According to Reed, the list would push legal operators underground while doing nothing to change the habits of illegal cultivators.
And if the list were publicly available, it could be used as a “shopping list” by rip-off artists, thieves, and, of course, the federal Drug Enforcement Administration (DEA), since the feds still consider cannabis illegal, even for medicinal purposes, regardless of state laws.
“There’s no way anyone on the city or state level can provide us protection from the federal government,” Reed said.
Theories regarding why the S.F. Health Department is suddenly concerned about whether dispensaries comply with state and local law — more than a decade after the City By The Bay passed its Medicinal Cannabis Dispensary Act — include taxes, police, and in industry takeover, reports Roberts at the Weekly.

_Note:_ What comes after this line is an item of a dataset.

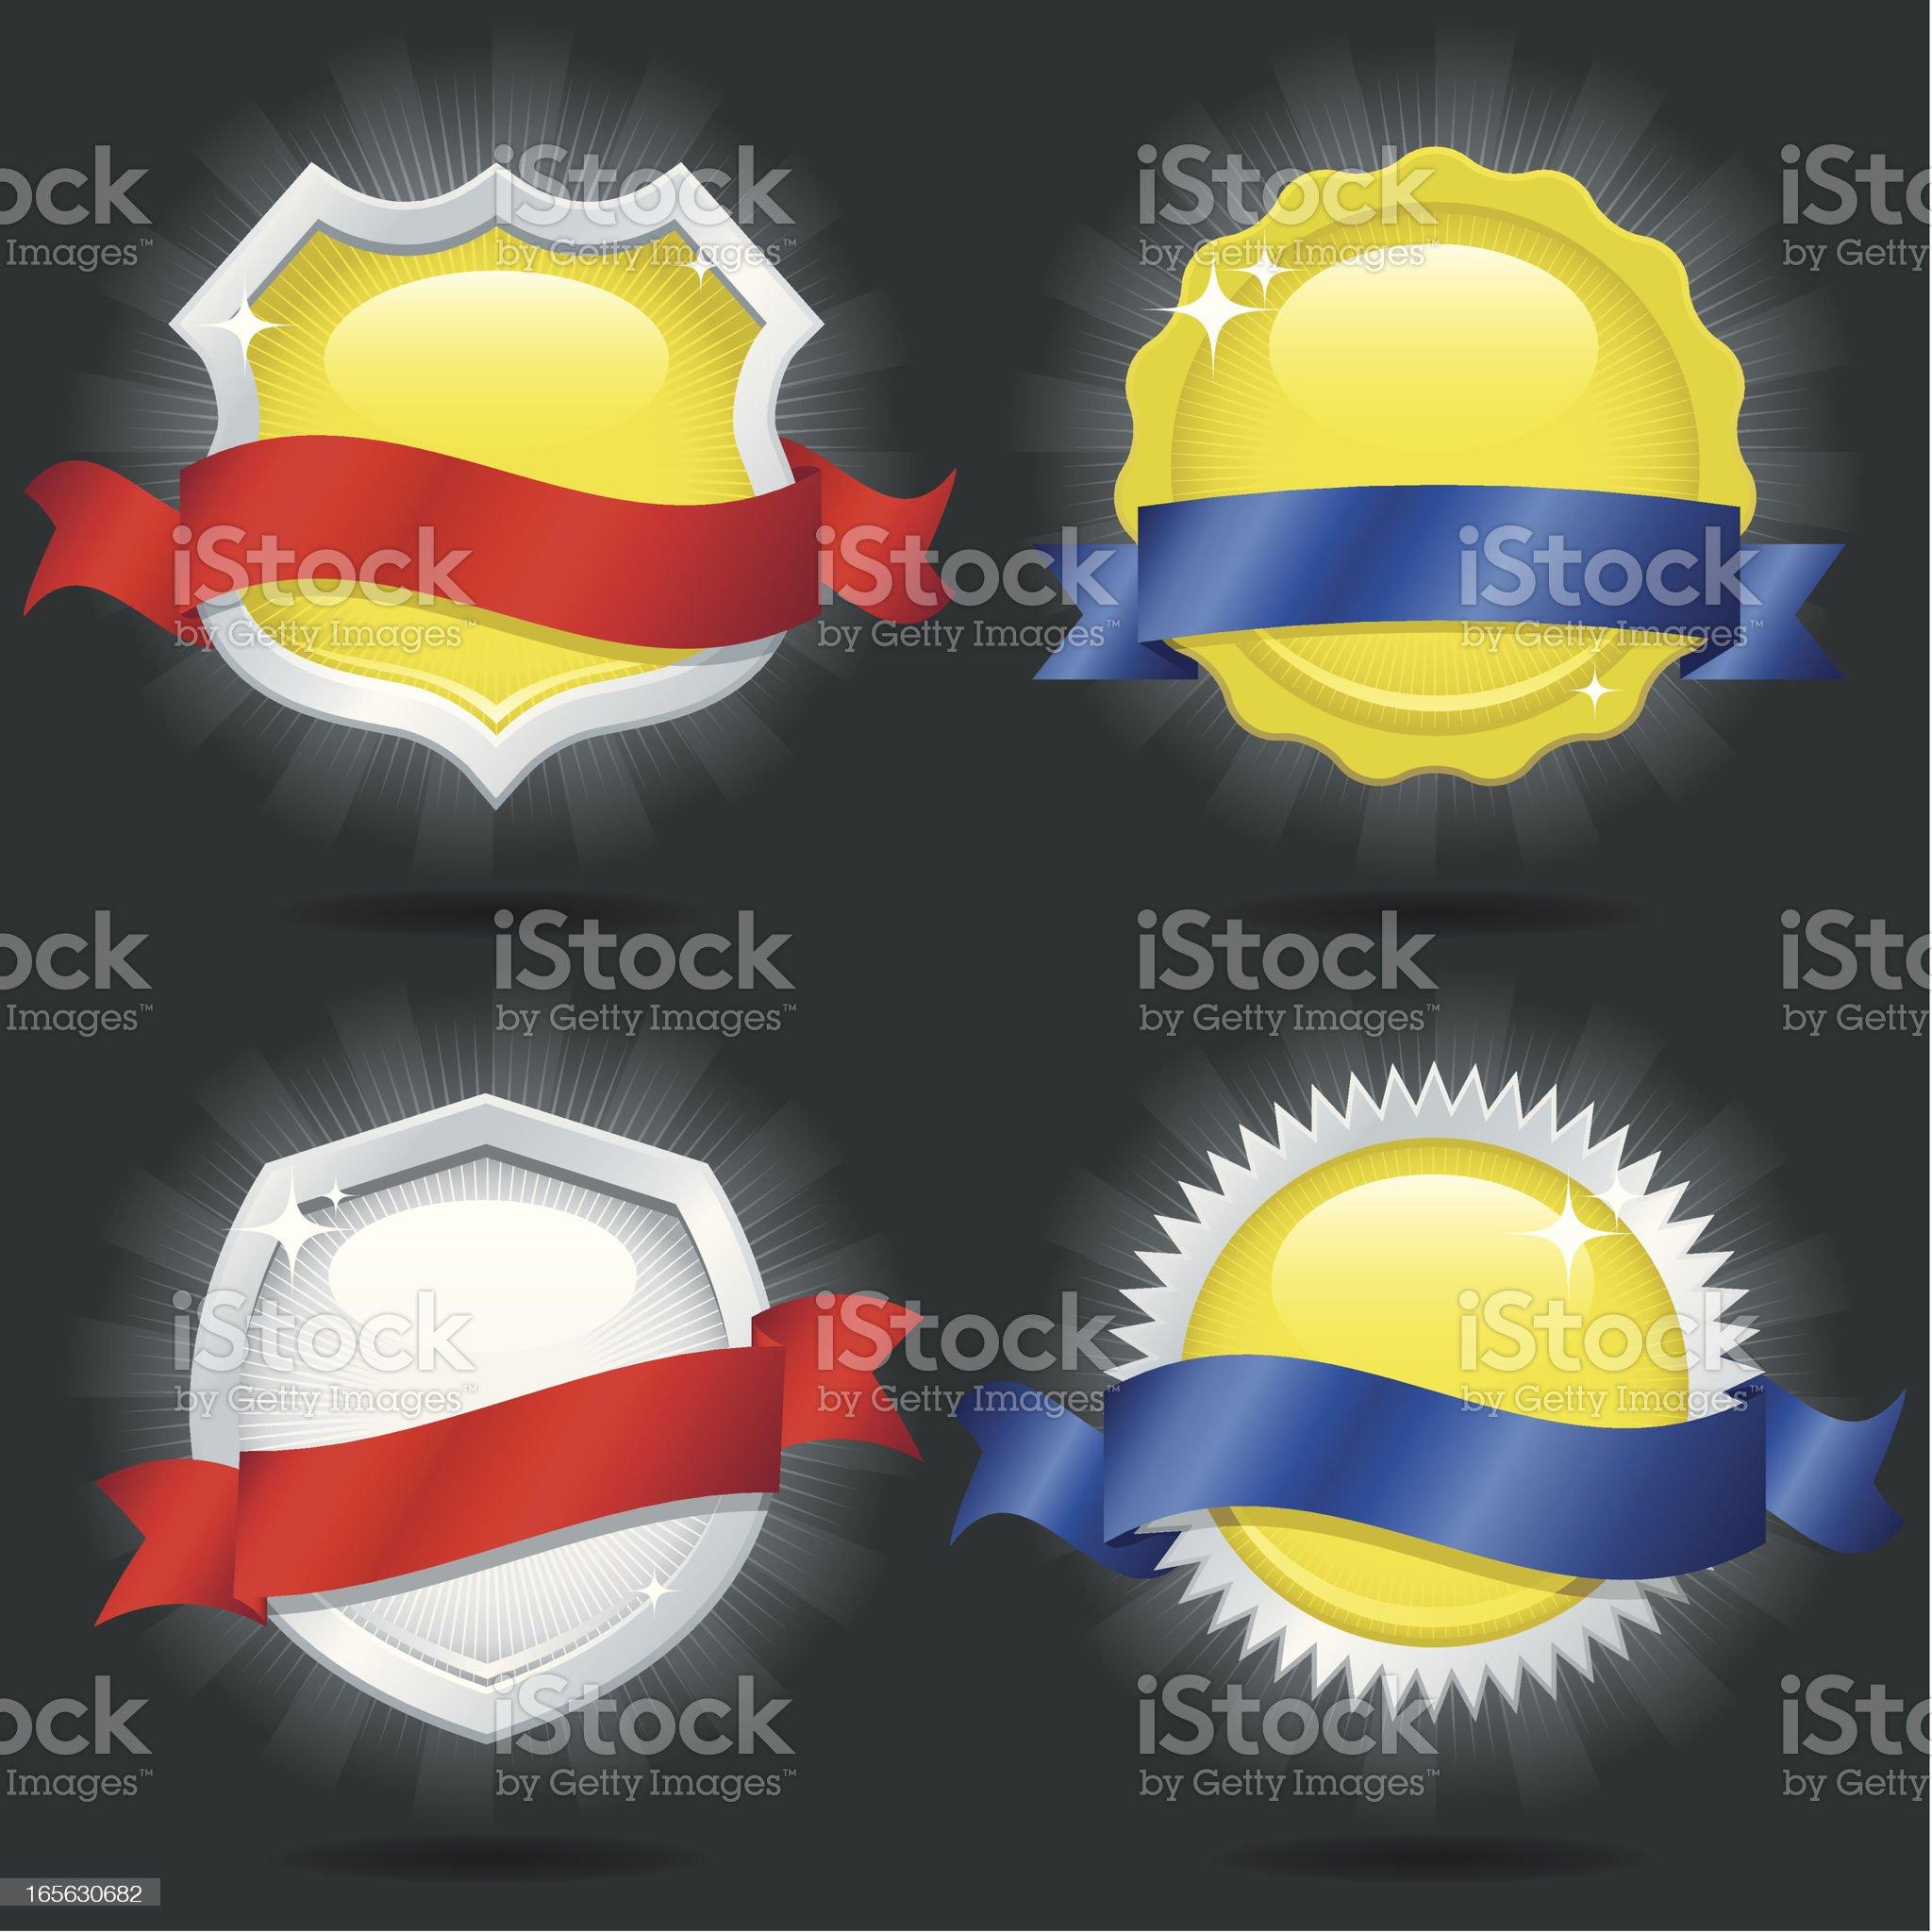 Metallic Emblems royalty-free stock vector art

Reed said he believes the DPH wants a list of all the city’s legal growers so that it can eventually tax them. But the city also wants addresses of grow sites located outside San Francisco.
Some growers believe the DPH is being strong-armed by the S.F. Police Department.
And then there are the conspiracy theorists who say the stricter regulations would make it easier for a few mega-operators to take over the medical marijuana industry.
“I understand DPH’s frustration of being thrust into the middle of this confusing and contradictory system, but there is way too much risk to force full transparency in cultivation,” said Brendan Hallinan, an attorney handling permitting for medical marijuana dispensaries.
“After the federal government specifically told Oakland ‘no way’ on their permitted-cultivation sites, it is ridiculous to ask SF MCDs to go right ahead and do the same thing,” Hallinan said.